WHAT TO WORK ON: Starting with the line that contains "Caucasian woman wearing", return every line through the end of the listing below exactly as written. Omit the pictures.

MATERIAL PROVIDED:
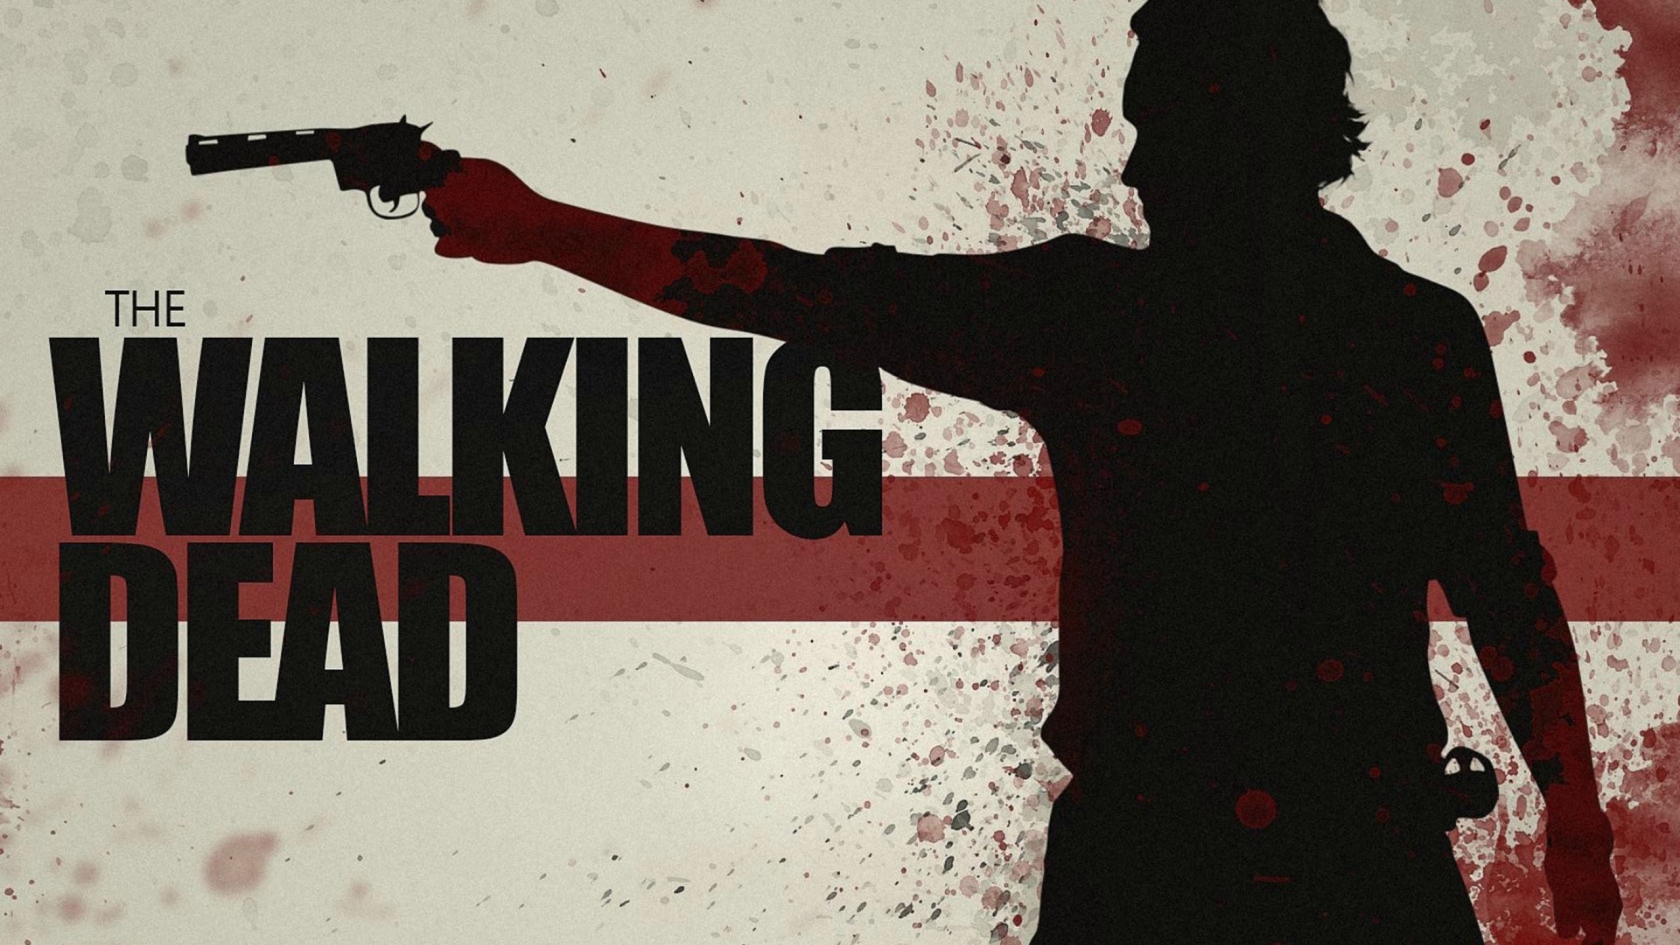 The Walking Dead Gun Poster for 1680 x 945 HDTV resolution
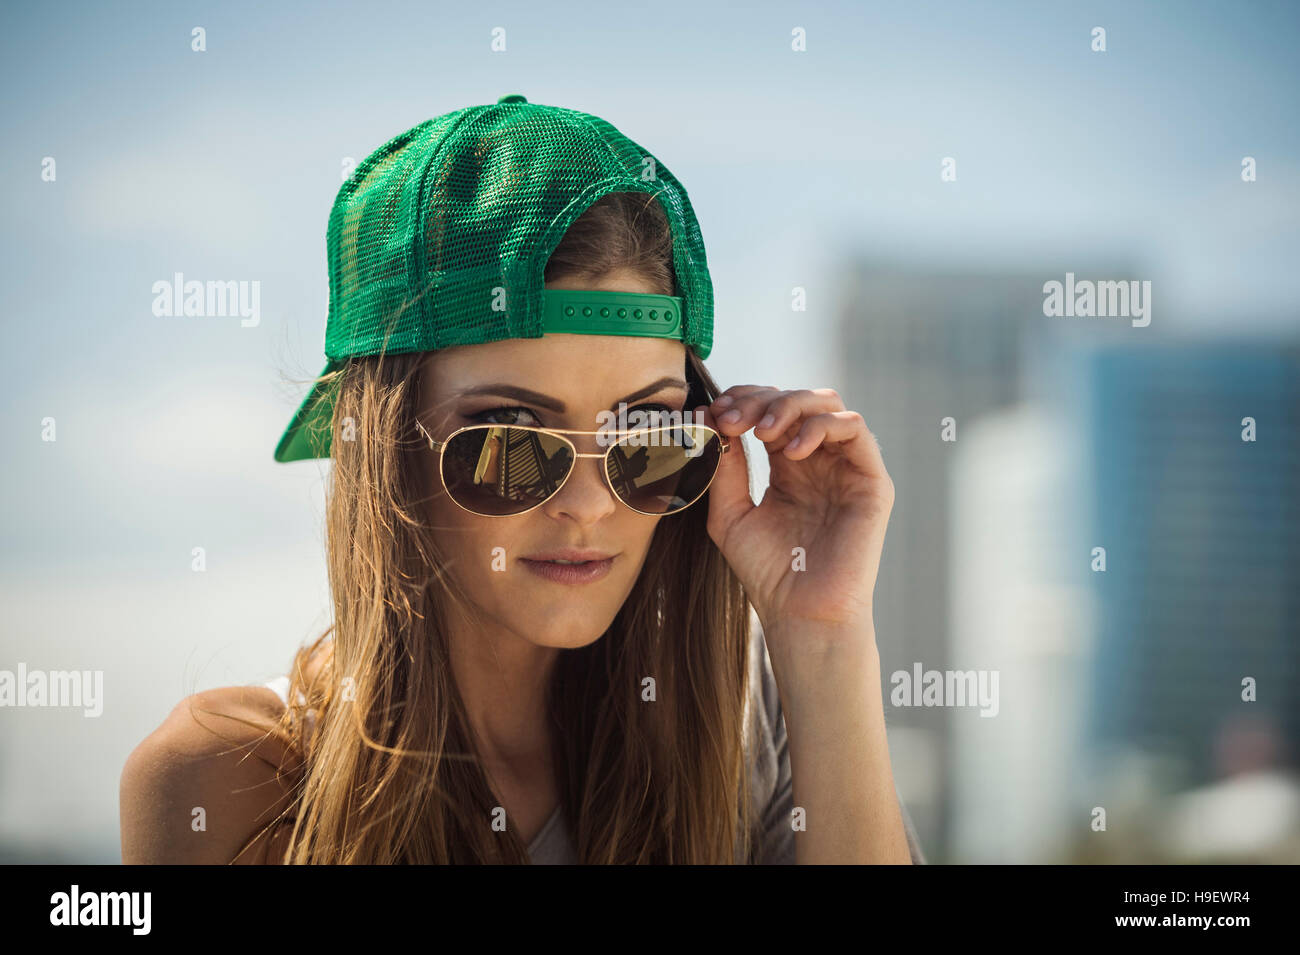 Caucasian woman wearing baseball cap peering over sunglasses Stock Photo
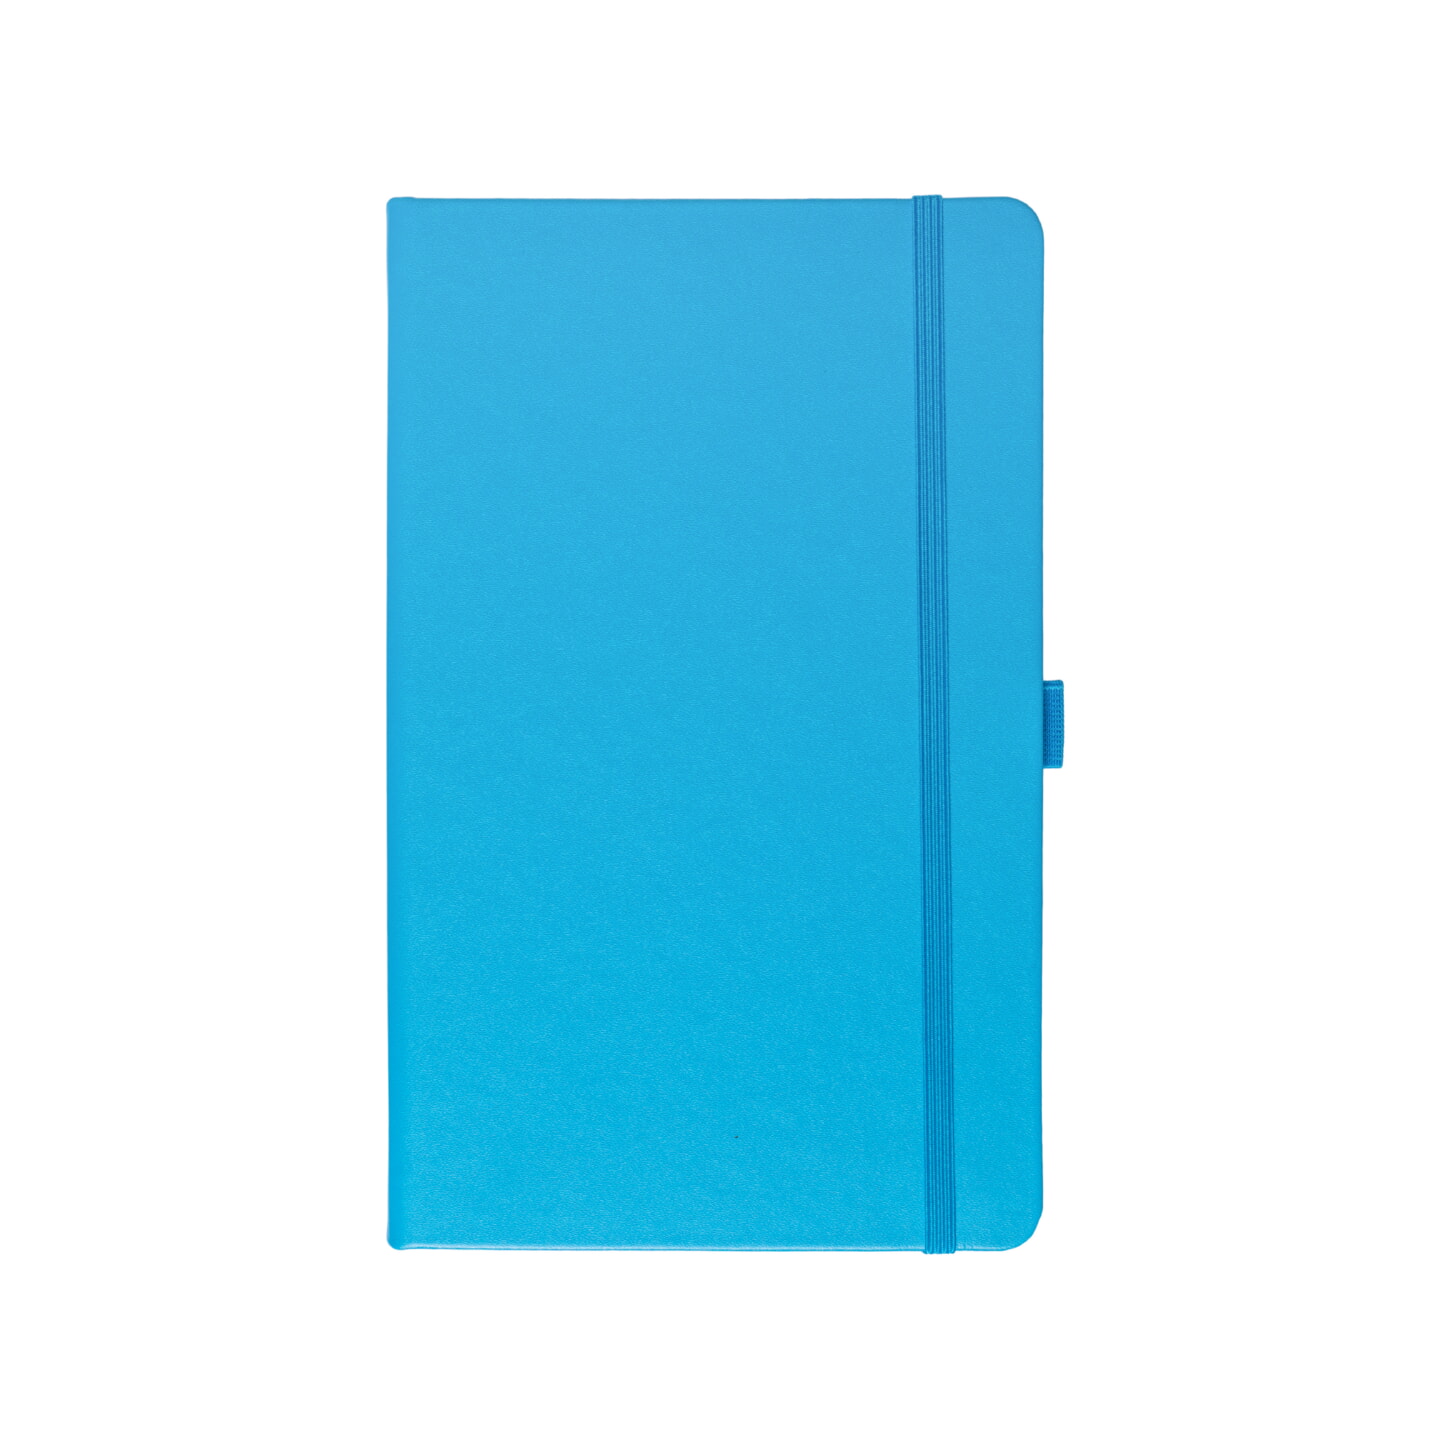 Блокнот для зарисовок Sketchmarker 140г/кв.м 9*14см 80л твердая обложка Синий Карибский

RESULT BELOW:
 Caucasian woman wearing baseball cap peering over sunglasses Stock Photo
 Блокнот для зарисовок Sketchmarker 140г/кв.м 9*14см 80л твердая обложка Синий Карибский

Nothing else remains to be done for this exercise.